I'm considering ordering one with no chance to try for size. I'm concerned about possible toe overlap. 

I'm currently on a Litespeed Ghisallo small, the top tube is 52.5 vs. 51.0 on the Diva. I would like the shorter tt, but have been on some small bikes before w/ terrible toe overlap. My LS has *almost* none. I can make the wheel hit my toe if I try real hard, but just barely.

What do you think? thanks.


----------



## Rollo Tommassi (Feb 5, 2004)

*700 or 650c?*

Frame that small, sometimes the builder goes down to 650c wheels - this can help with overlap. I looked on the Diva spec sheet and it doesn't say, ask your LBS?

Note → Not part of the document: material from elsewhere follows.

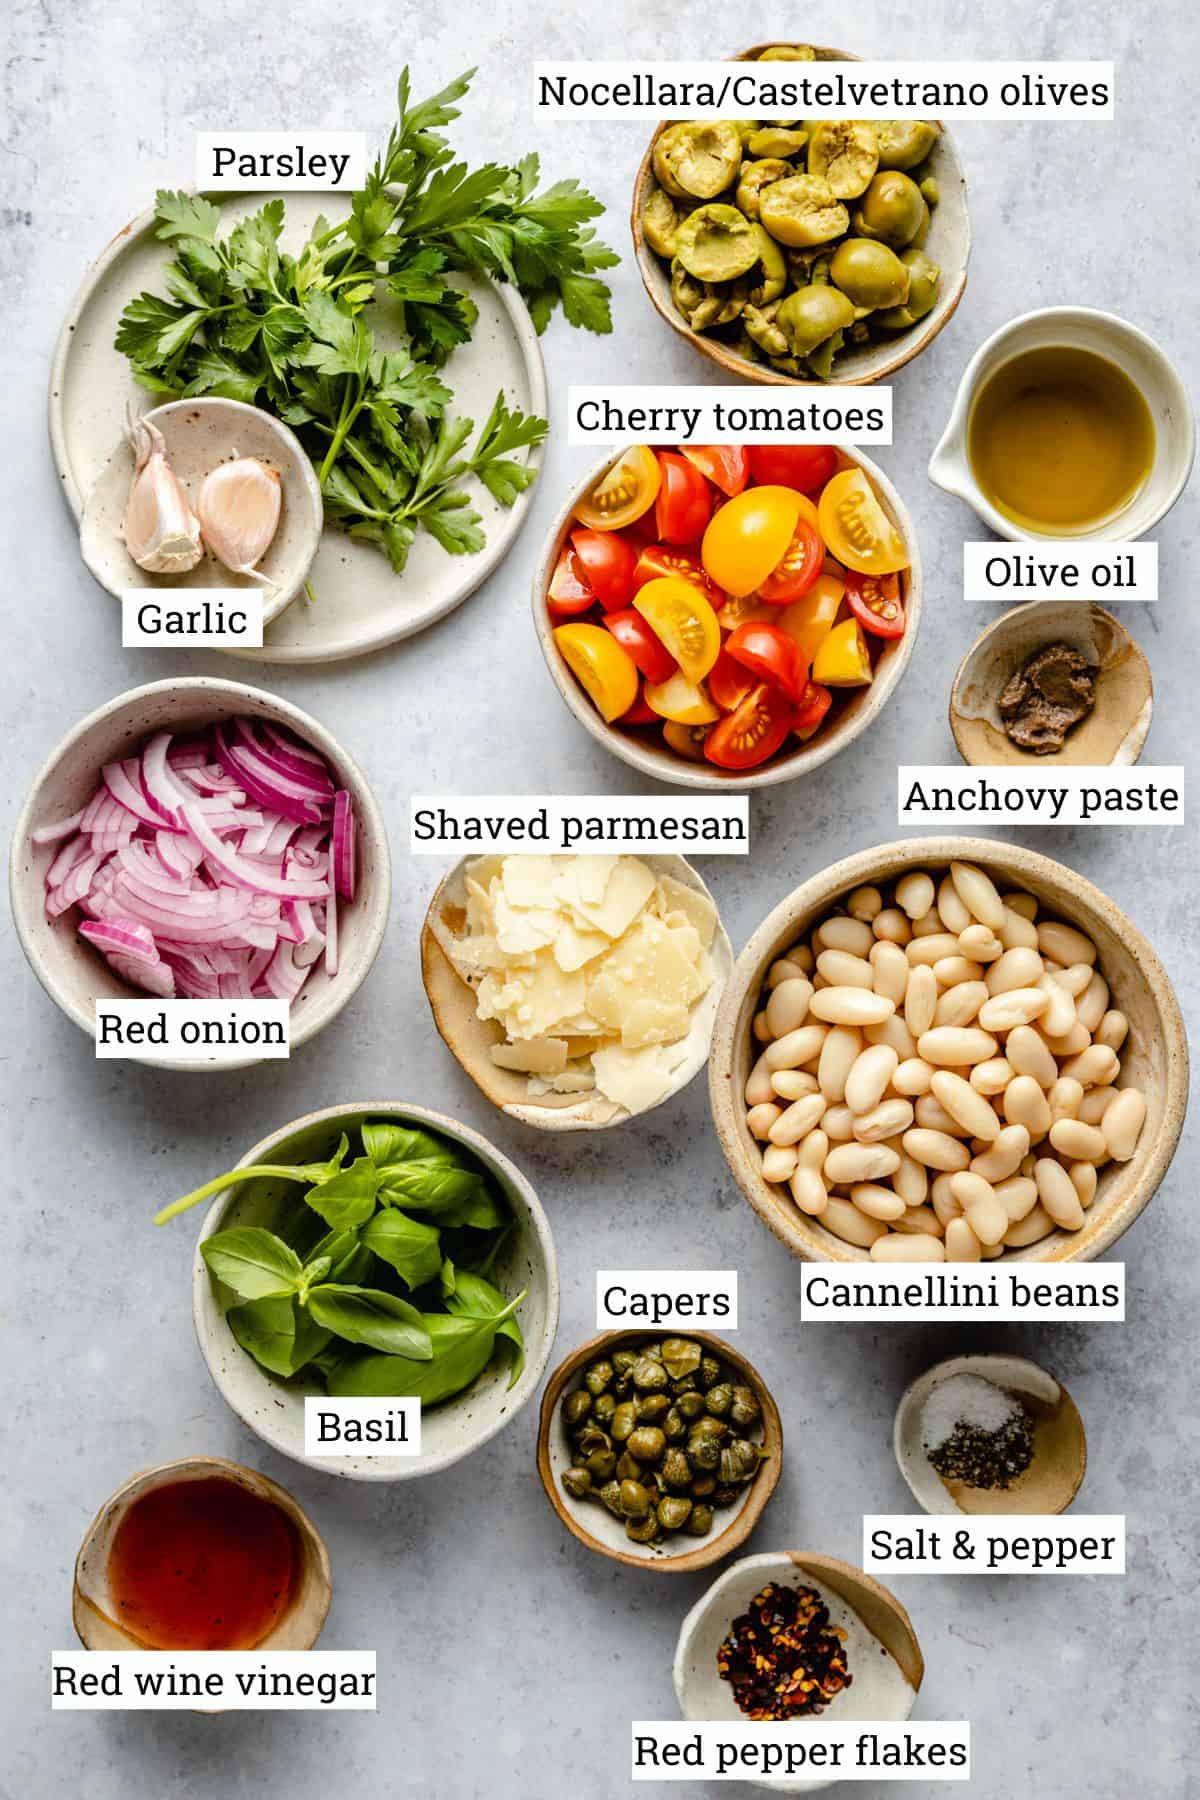 various bowls on a grey background containing the ingredients needed to make the salad.

Your LBS should be able to call their Orbea rep and get the answer for you.


----------



## litespeedchick (Sep 9, 2003)

Thanks, but I'm not interested in 650 wheels. 

Thanks for looking at the spec sheet. It doesn't give wheelbase measurement either. I have a call and an email into Orbea, no response yet.


----------



## mtpisgah (Jan 28, 2004)

*don't worry about it*

Unless you are doing a lot of slow turns in parking lots or track standing at stop lights, tire to toe overlap does not matter. I have it on my Madone, had it on my IF, my Dean, my Trek 2120 and my 600. It doesn't affect my riding, although the toes of my nice white shoes do get dirty sometimes.


----------



## janetaylor7 (Jan 18, 2007)

Your litespeed has almost none because it's a man's bike. The litespeed bella has ridiculous toe overlap - very poorly designed. The orbeas may have a little but it's nothing like the bella. The top tubes on the orbea diva are actually the same as the orca 48. It's the angle of the head tube and seat tubes that are less steep than the orca so the wheelbase is wider.

As a commuter I have to say that toe overlap does matter. It's the times when I snaking through stalled traffic and making turns at slow speed that I'm concerned about. If I hit my tire when I'm clipped in in that situation I will go down and I will be run over. My guess is that with the diva I'll be clipping myself out a lot more. And of course with the swanky frame I'll be a lot more careful anyways. 

I would never buy a bike without trying a frame with similar geometry. Especially an orbea because their women's bikes are not designed like anyone elses. If you can find any orbea 49 women's bike it will have the exact same geometry- they've been making them the same for years. Maybe you can borrow someone's?


----------



## edmundtan (Dec 12, 2001)

litespeedchick said:


> Thanks, but I'm not interested in 650 wheels.
> 
> Thanks for looking at the spec sheet. It doesn't give wheelbase measurement either. I have a call and an email into Orbea, no response yet.


The Diva in size 49 has a wheelbase of 970cm. The measurement from center of BB to front wheel axle is 575cm

Ref: https://www.orbea.com/upload/cuadros_geometrias/diva_g.gif


----------



## fire262 (Aug 29, 2006)

*If you need*

I have 650c Mavic new in Box elites, my wife changed her mind on wheels.


----------